The market began flirting with a base/reversal threat following 21-May’s poke above 16-May’s 92.55 initial counter-trend high discussed in 23-May’s Technical Blog.  Relative to the magnitude of the secular bear market however, this minor display of strength was of an insufficient scale to suggest anything more than another corrective hiccup.  But the extent and impulsiveness of this week’s accelerating rally above 22-Apr’s 95.25 corrective high and our key risk parameter is a game-changer that allows us to conclude 07-May’s 87.60 low as the end of AT LEAST the downtrend from last Oct’s 125.50 high and possibly the end of a 5-wave Elliott sequence that dates from Nov’16’s 176.00 high.


Moreover, the rally from 17-May’s 88.45 low detailed in the 240-min chart below looks to be a 3rd-wave that’s “extending”, meaning discernible sub-divisions on this same scale.  This suggests that this rally has a number of iterative (4th-wave) corrective setbacks and subsequent (5th-wave) resumptions of the rally before it peaks out.  As a result of this extended rally we are identifying 24-May’s 95.00 high as a minor 1st-Wave high of a smaller scale and our new short-term risk parameter that the market would not be able to fail below to maintain the impulsive integrity of this count.

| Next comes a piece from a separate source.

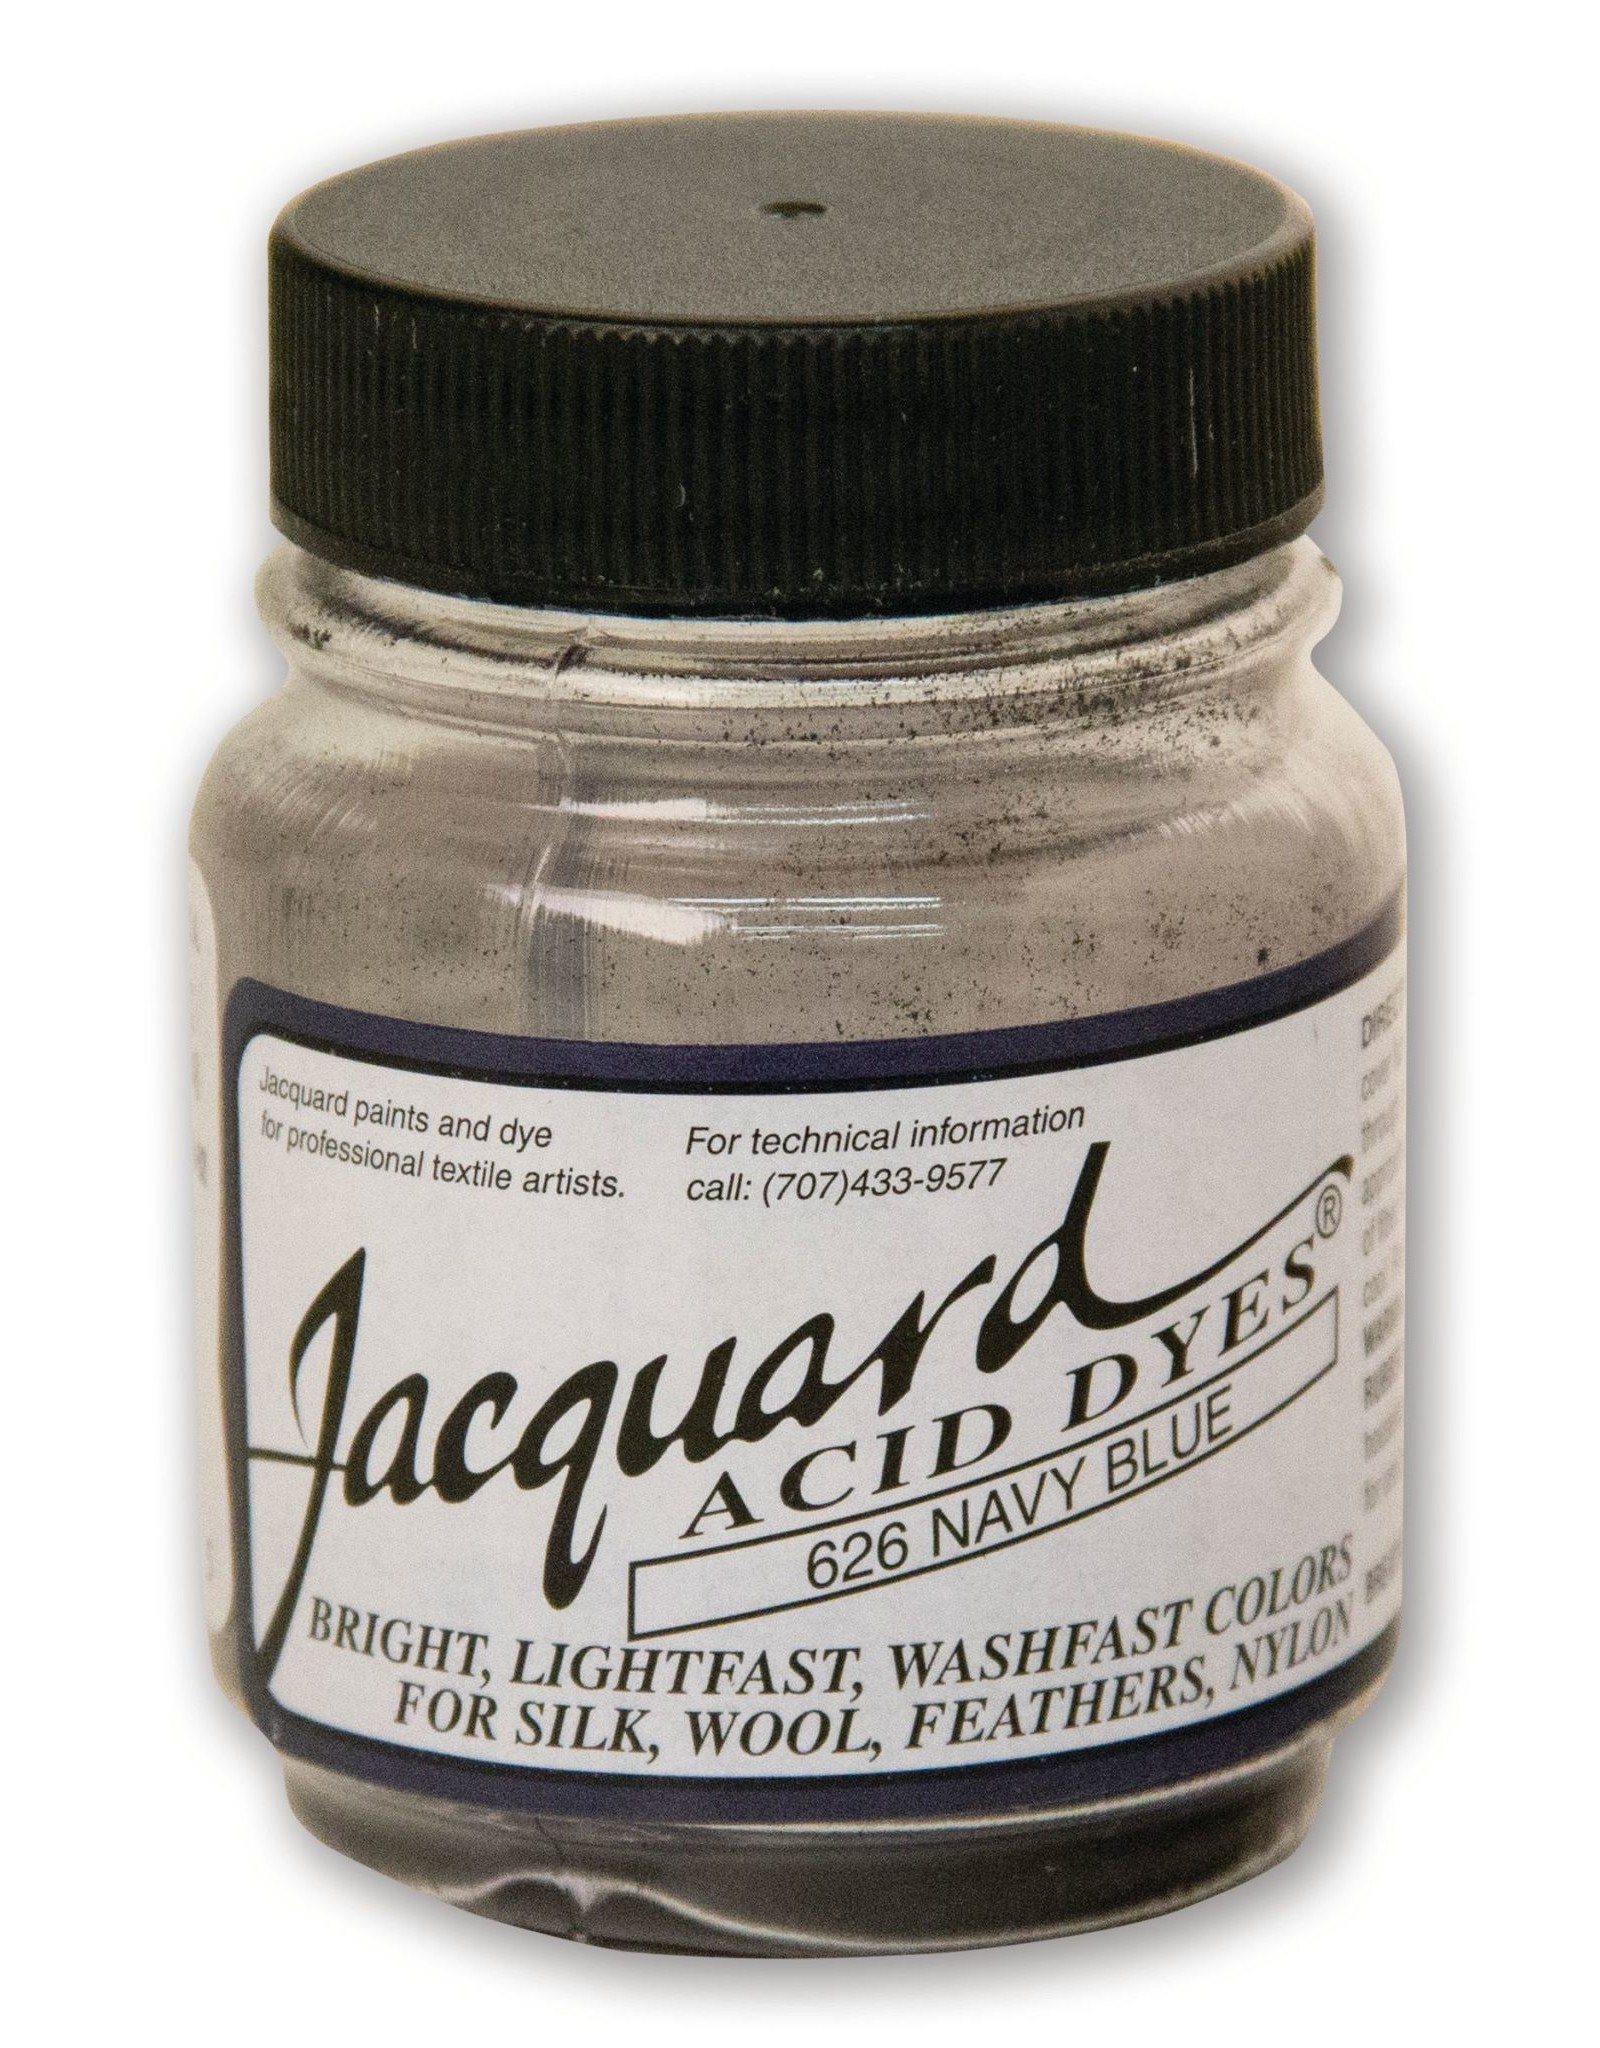 Jacquard Jacquard Acid Dye, #626 Navy Blue ½oz

Coffee Jul '19 240 Min Chart

Coffee Daily Chart

ON a broader scale shown in the daily log chart above and weekly log chart below, the market has confirmed all the compelling and opportunistic factors of a base/reversal environment that could be major in scope, including:

  • a confirmed bullish divergence in momentum amidst
  • historically bearish levels of market sentiment/contrary opinion
  • its gross failure to sustain Mar-May’s break below a ton of former support-turned-resistance between 95.10 and 98.60 that
  • arguably completes 5-wave sequences down from last Oct’s 125.50 high AND Nov’16’s 176.00 high.

If correct, the market could be on the cusp of a major base/correction/reversal higher that could span quarters and produce gains to at least the 114-to-125-range and possibly much higher.  A failure below 07-May’s 87.60 obviously key low and new long-term risk parameter is required to negate this call.

Coffee Weekly Chart

Finally, on an even broader monthly basis, the chart below shows multiple years of support from the 101-to-102-area.  If there’s still a requisite threshold left for this reversal threat to hurdle, it would be the general 102-handle-area  Much beyond this area and the major base/reversal threat will be a considerable one warning of potentially protracted gains that could easily span quarters.

These issues considered, a new bullish policy remains advised with a failure below at least 95.00 required to threaten this call.  We anticipate further gains for the foreseeable future but beware an eventual peak to this initial (A- or 1st-Wave) rally that could usher in a (B- or 2nd-Wave) corrective rebuttal that could be extensive, offering an interim trading opportunity from the bear side and, most importantly, an eventual preferred risk/reward from the bull side that could be extraordinary for the long-term.